All these new advances were used in the Barcelona coupled model and a computational analysis was carried out considering the following hardware configurations for a specific simulation of 3 hours, with storm duration of 1 hour:
Workstation with 64-bit operating system (Windows 7) and 2 Gb of RAM memory.
Virtual server in a blade system with 64-bit operating system (Windows 7), 2 Gb of RAM memory, and 4 CPU Intelxeon in order to exploit the software capacity to support full multi-core processing.
Workstation with 64-bit operating system (Windows 7), 2 Gb of RAM memory, 4 CPU Intelxeon for multi-core processing, and a specific GPU card that plays an important role during the treatment of the 2D calculations.
The results of this analysis showed that run time varies from several days (6–7 days) for Configuration 1, to several hours (5–6 hours) for Configuration 2 and a few minutes (3–4 minutes) for Configuration 3.
It is clear that, since simulations can be carried out in few minutes, real-time strategies and early warning systems could be activated on the basis of the results of this coupled model continuously running.
CONCLUSIONS
A detailed 1D/2D coupled model was developed to study the hydraulic behavior of a critical area of Barcelona (Raval district). The interface between the two drainage layers was characterized through empirical expressions related to hydraulic performance of surface drainage systems. The 2D domain covers 44 km2 of the city area involving 241 km of sewers, while 2D mesh counts more than 400,000 triangular cells.
Calibration and validation of the model were based on a wide range of field data (rainfall and flow-depth time series, amateur videos and photos, and post-event reports provided by firemen and police) related to four heavy storm events that occurred in 2011. The results obtained show that it is possible to reproduce the effects of urban floods in the Raval district with a high level of detail.
The calibrated model can be used to assess flood hazard and risk and to estimate the economic losses produced during storm events. In this way, this could be a useful tool to design new infrastructures with clear objectives in terms of flood risk and economic loss reduction.

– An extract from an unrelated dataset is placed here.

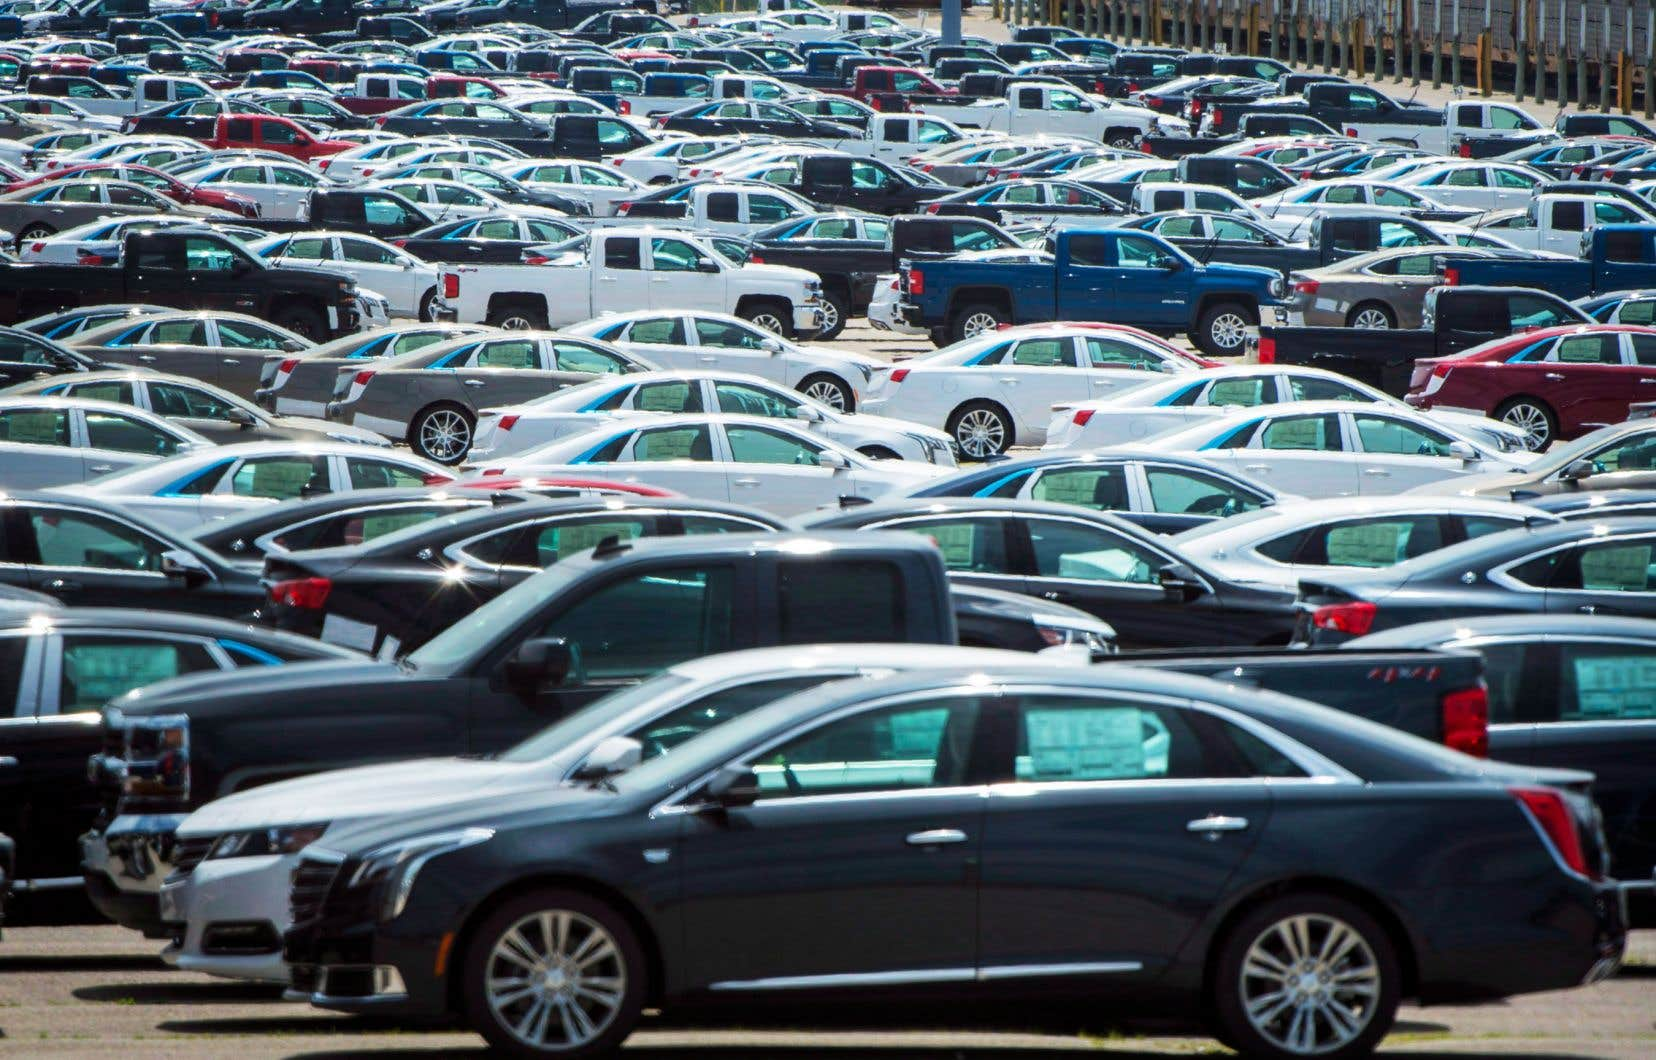 Le stock de voitures neuves est en baisse d'environ 20% au Canada, mais cette pénurie devrait s'aggraver à mesure que le pays se remettra en marche.

Moreover, speeding-up strategies focused on parallel processing and hardware advances allowed very high computational performance. Specifically, the coupled model is capable of fully exploiting GPUs and CPUs with very promising performance in terms of computational time saving with a run time of 3–4 minutes for complete simulations.
The results obtained demonstrate that it is possible to develop and calibrate 1D/2D detailed and realistic models on the basis of collected sensors and field data and use them for real-time strategies and early warning systems in complex and vulnerable urban areas like Barcelona.
ACKNOWLEDGEMENTS
Research on the CORFU (COllaborative Research on Flood resilience in Urban areas) project was funded by the European Commission through Framework Program 7, grant number 244047. Research on the PREPARED (PREPARED enabling changes) project was funded by the European Commission through Framework Program 7, grant number 244232.